The io.monitors vocabulary implements real-time file and directory change monitoring. Unfortunately at this point in time, it is only supported on Windows, Linux and Mac. Neither one of FreeBSD and OpenBSD exposes the necessary information to user-space.

Here is an example for watching a directory for changes, and logging them:

USE: io.monitors

: watch-loop ( monitor -- )
    dup next-change path>> print flush watch-loop ;

: watch-directory ( path -- )
    [ t [ watch-loop ] with-monitor ] with-monitors ;

Try pasting the above code into a Factor listener window, and then run home watch-directory. Every time a file in your home directory is modified, its full pathname will be printed in the listener.

Java will only begin to support symbolic links and directory monitoring in the upcoming JDK7 release.

Memory mapped files

The io.mmap vocabulary defines support for working with memory-mapped files. The highest-level and easiest to use interface is the with-mapped-array combinator. It takes a file name, a C type, and a quotation.
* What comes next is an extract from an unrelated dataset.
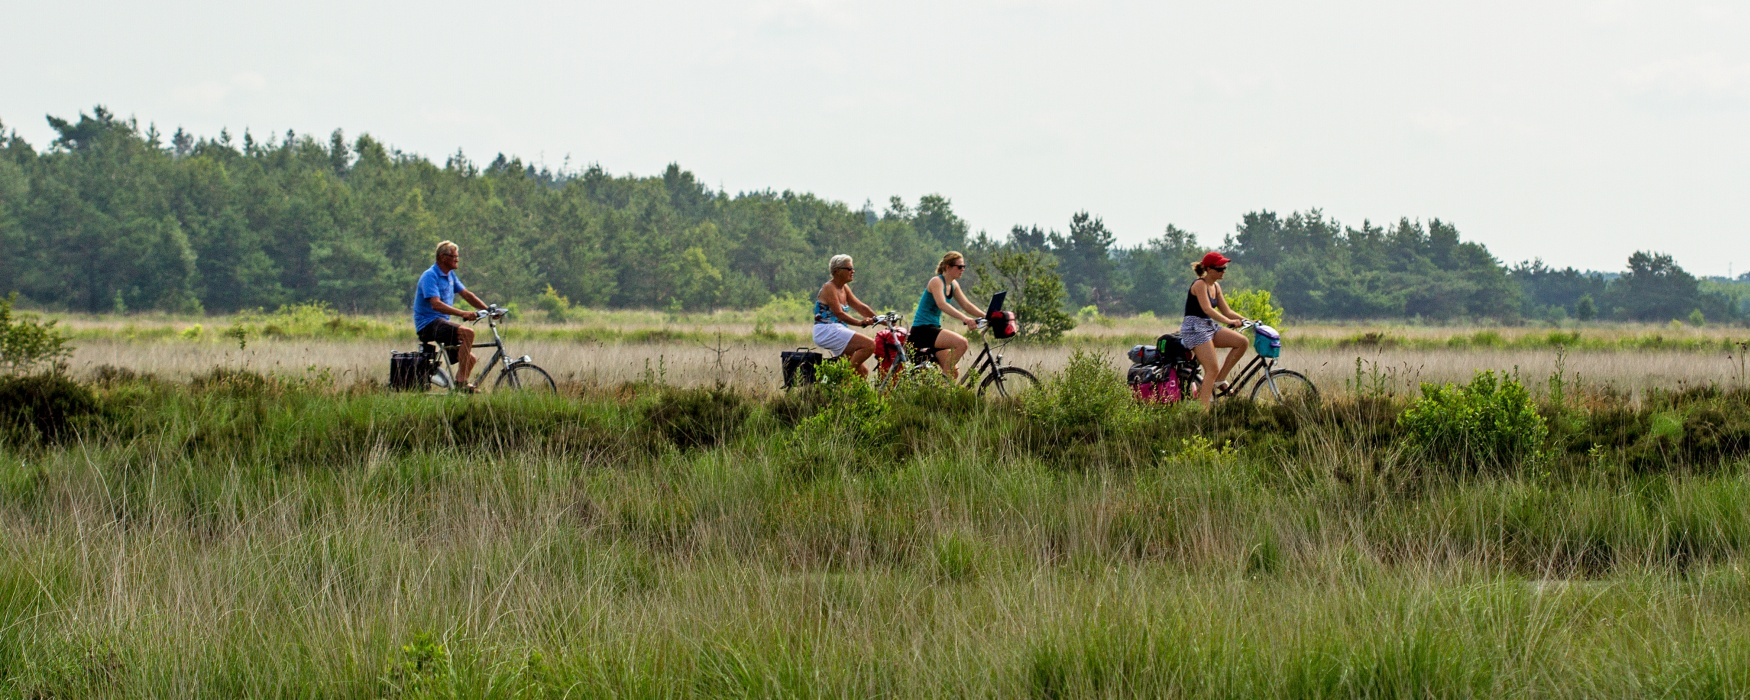 3 Provinciën Fiets-3-daagse vanuit Bakkeveen: Friesland | Drenthe | Groningen

The quotation can perform generic sequence operations on the mapped file.

Here is an example which reverses each group of 4 bytes:

USING: alien.c-types grouping io.mmap sequences
specialized-arrays ;
SPECIALIZED-ARRAY: char

"mydata.dat" char [
    4 <sliced-groups>
    [ reverse! drop ] each
] with-mapped-array

The <sliced-groups> word returns a view of an underlying sequence, grouped into n-element subsequences. Mutating one of these subsequences in-place mutates the underlying sequence, which in our case is a mapped view of a file.

A more efficient implementation of the above is also possible, by mapping in the file as an int array and then performing bitwise arithmetic on the elements.

Launching processes

Factor's io.launcher vocabulary was originally developed for use by the build farm. The build farm needs to launch processes with precise control over I/O redirection and timeouts, and so a rich set of cross-platform functionality was born.

The central concept in the library is the process, tuple, constructed by calling <process>. Various slots of the process tuple can be filled in to specify the command line, environment variables, redirection, and so on. Then the process can be run in various ways, running in the foreground, in the background, or with input and output attached to Factor streams.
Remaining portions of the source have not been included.